* **Exercise aim**
Restate the full listing word for word; images stay out of it.
*** Dataset content Section Begins ***
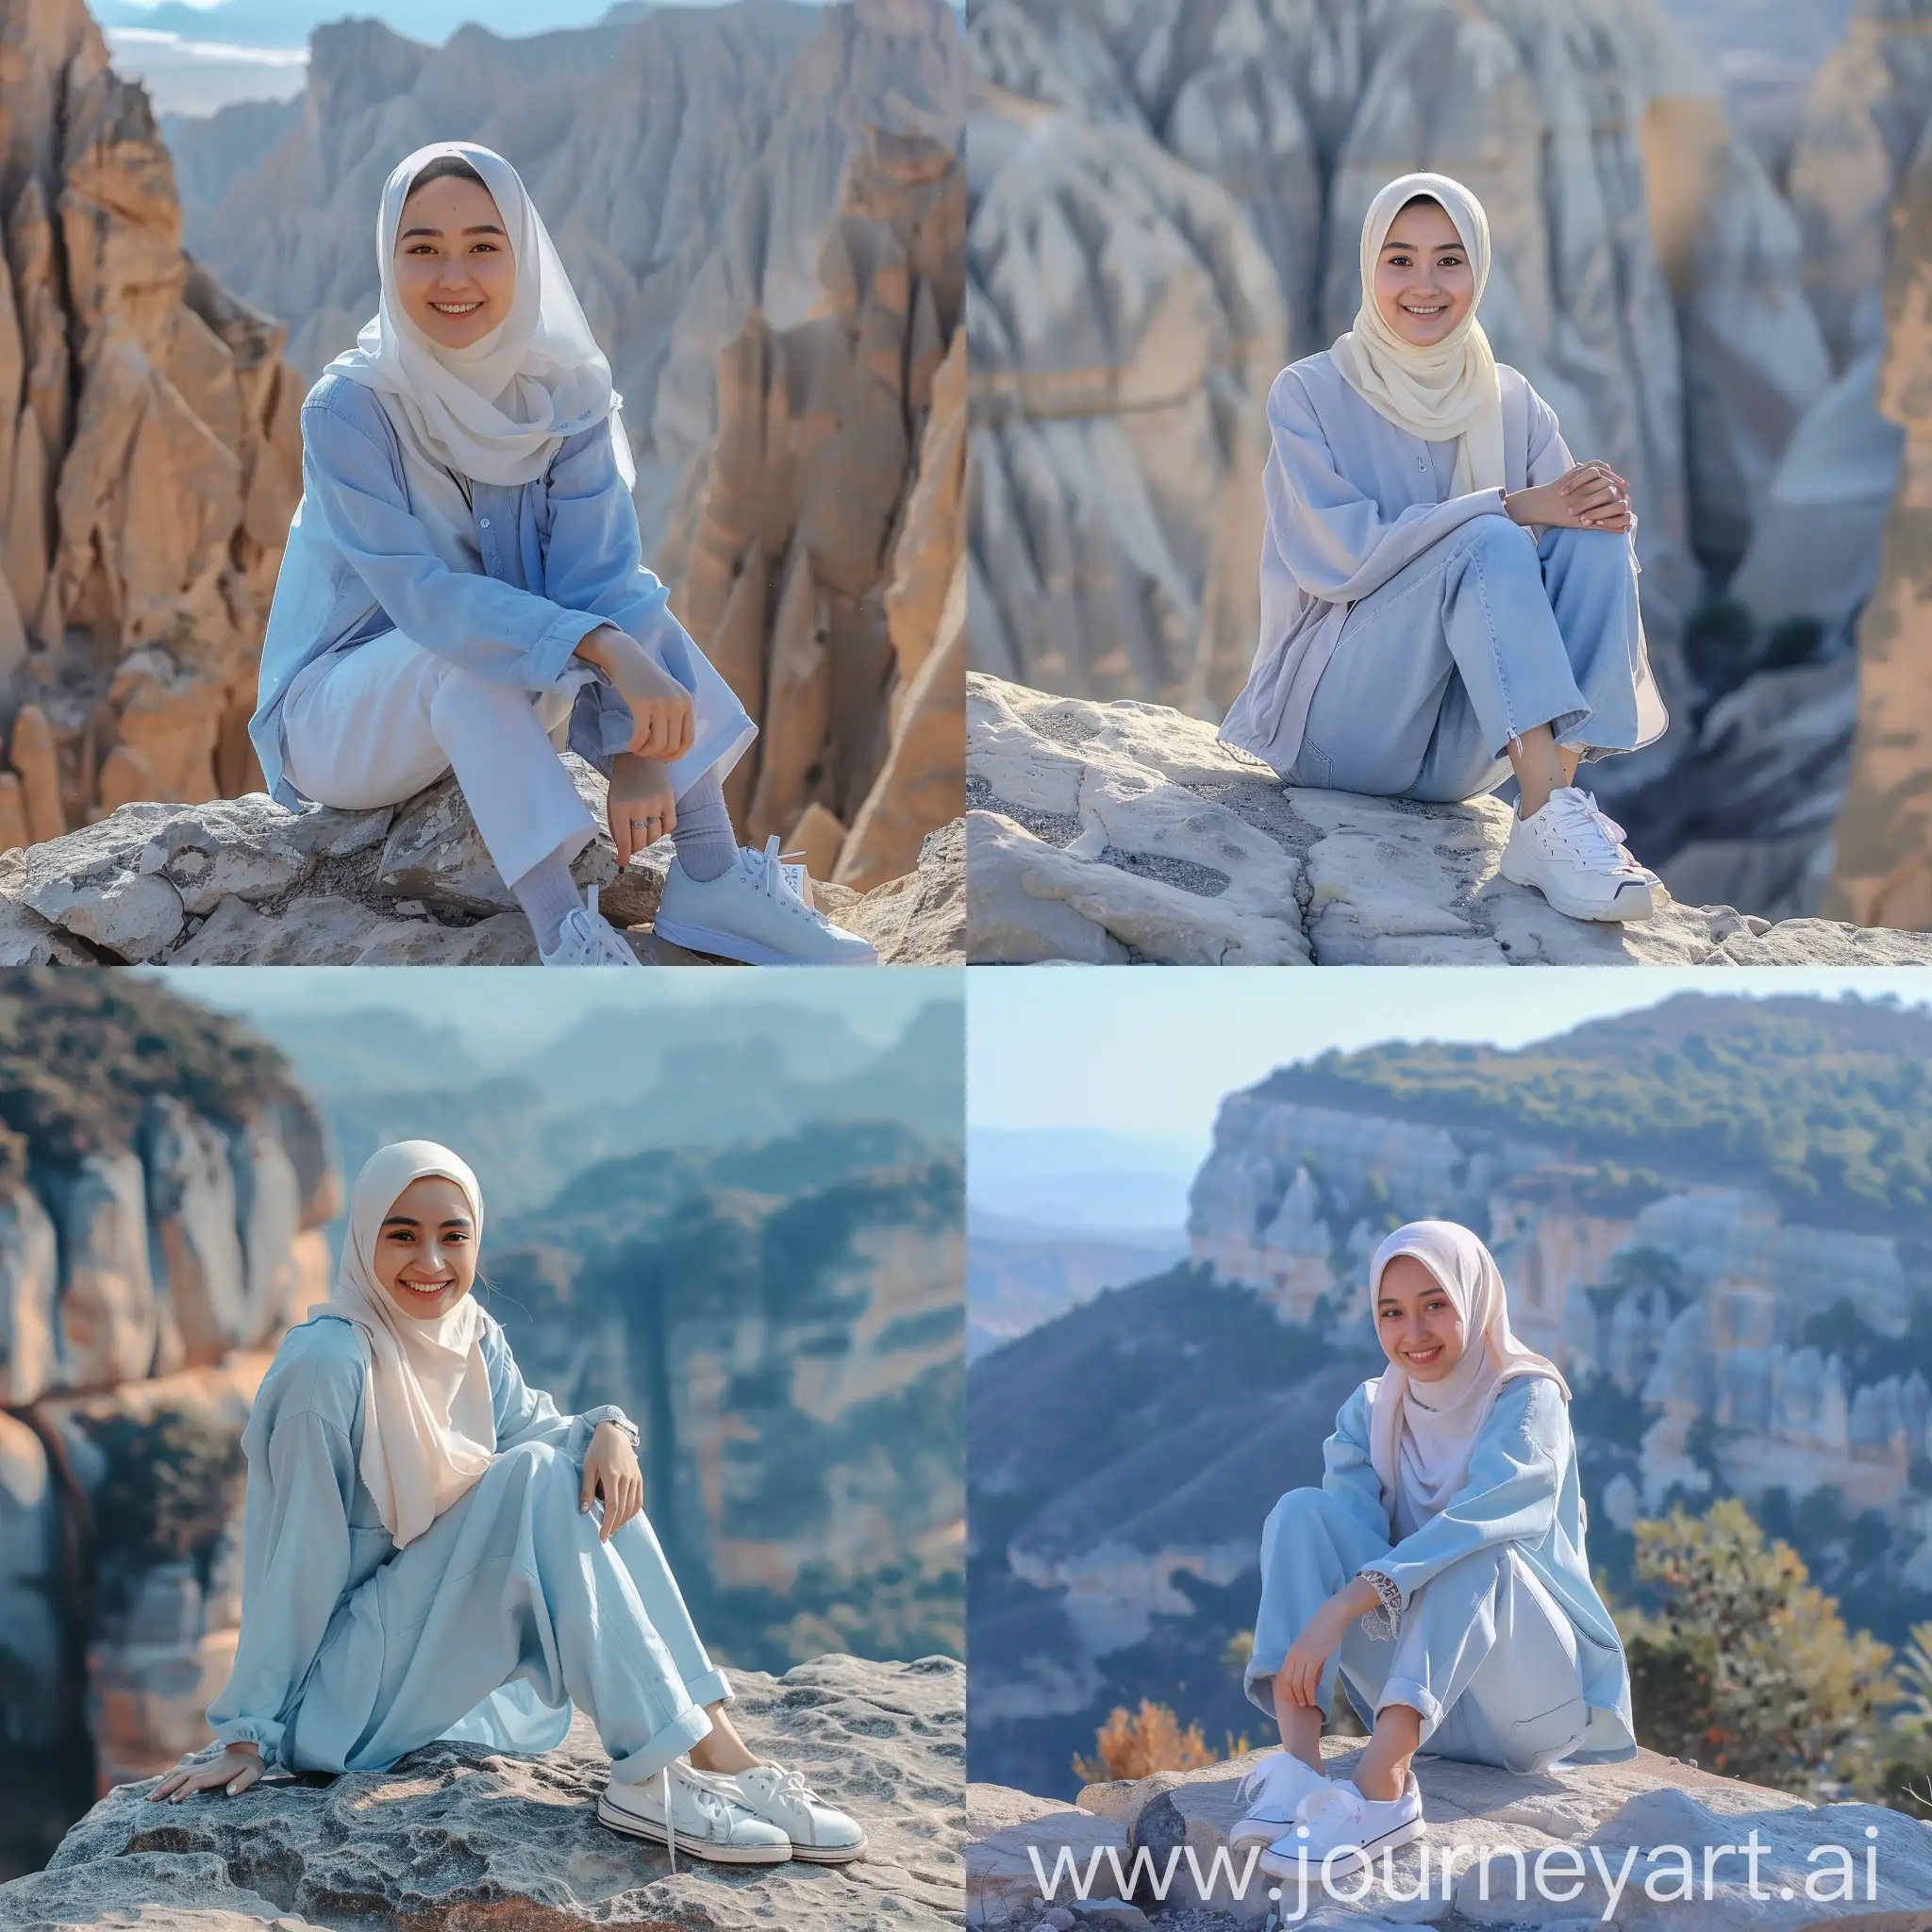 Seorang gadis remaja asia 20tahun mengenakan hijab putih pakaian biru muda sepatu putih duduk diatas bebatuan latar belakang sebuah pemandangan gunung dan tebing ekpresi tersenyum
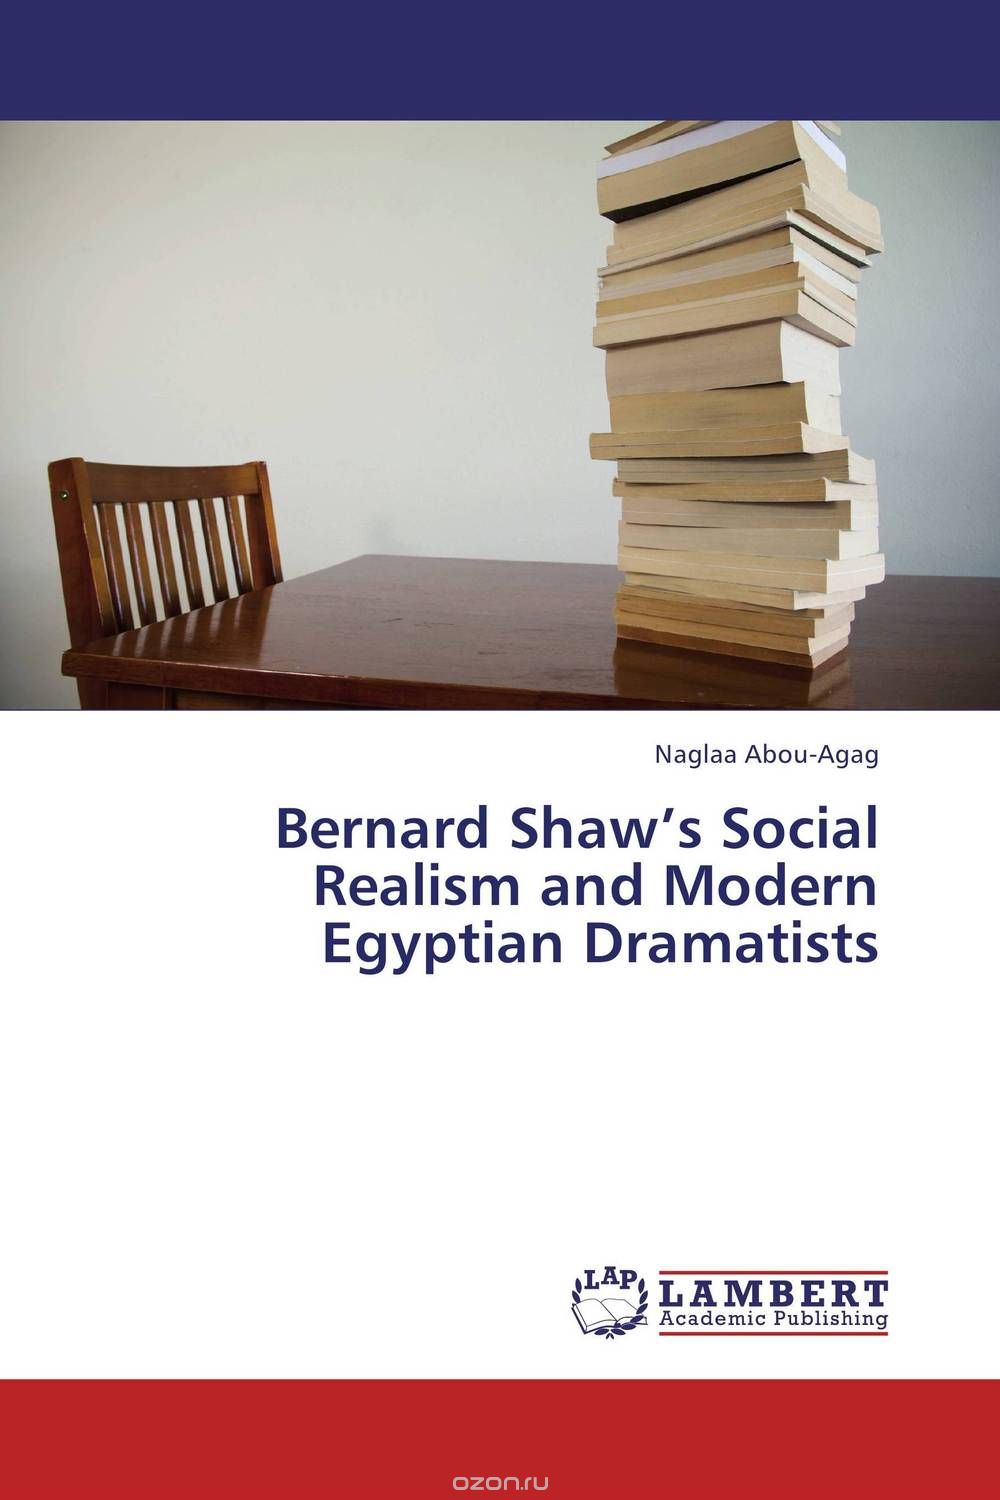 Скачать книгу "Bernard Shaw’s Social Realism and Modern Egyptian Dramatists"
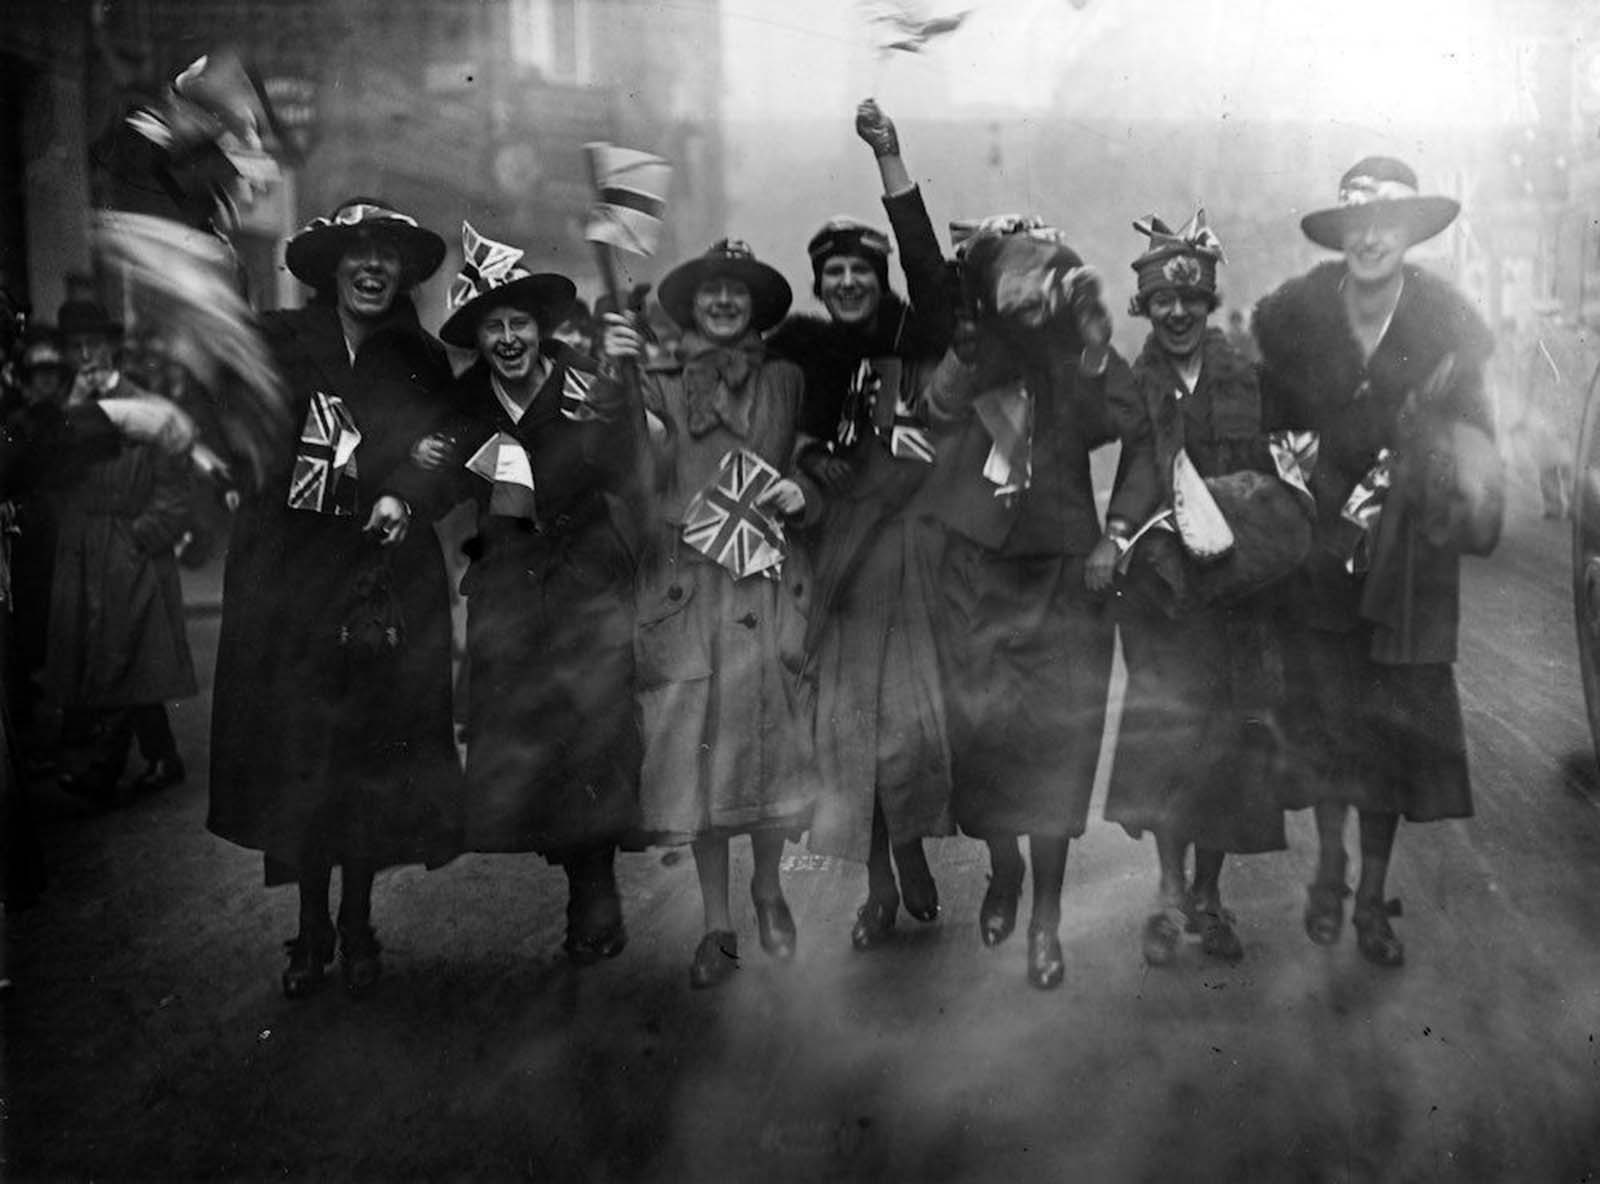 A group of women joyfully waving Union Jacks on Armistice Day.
*** Dataset content Section Ends ***
* **Exercise response**
 Seorang gadis remaja asia 20tahun mengenakan hijab putih pakaian biru muda sepatu putih duduk diatas bebatuan latar belakang sebuah pemandangan gunung dan tebing ekpresi tersenyum
 Скачать книгу "Bernard Shaw’s Social Realism and Modern Egyptian Dramatists"
 A group of women joyfully waving Union Jacks on Armistice Day.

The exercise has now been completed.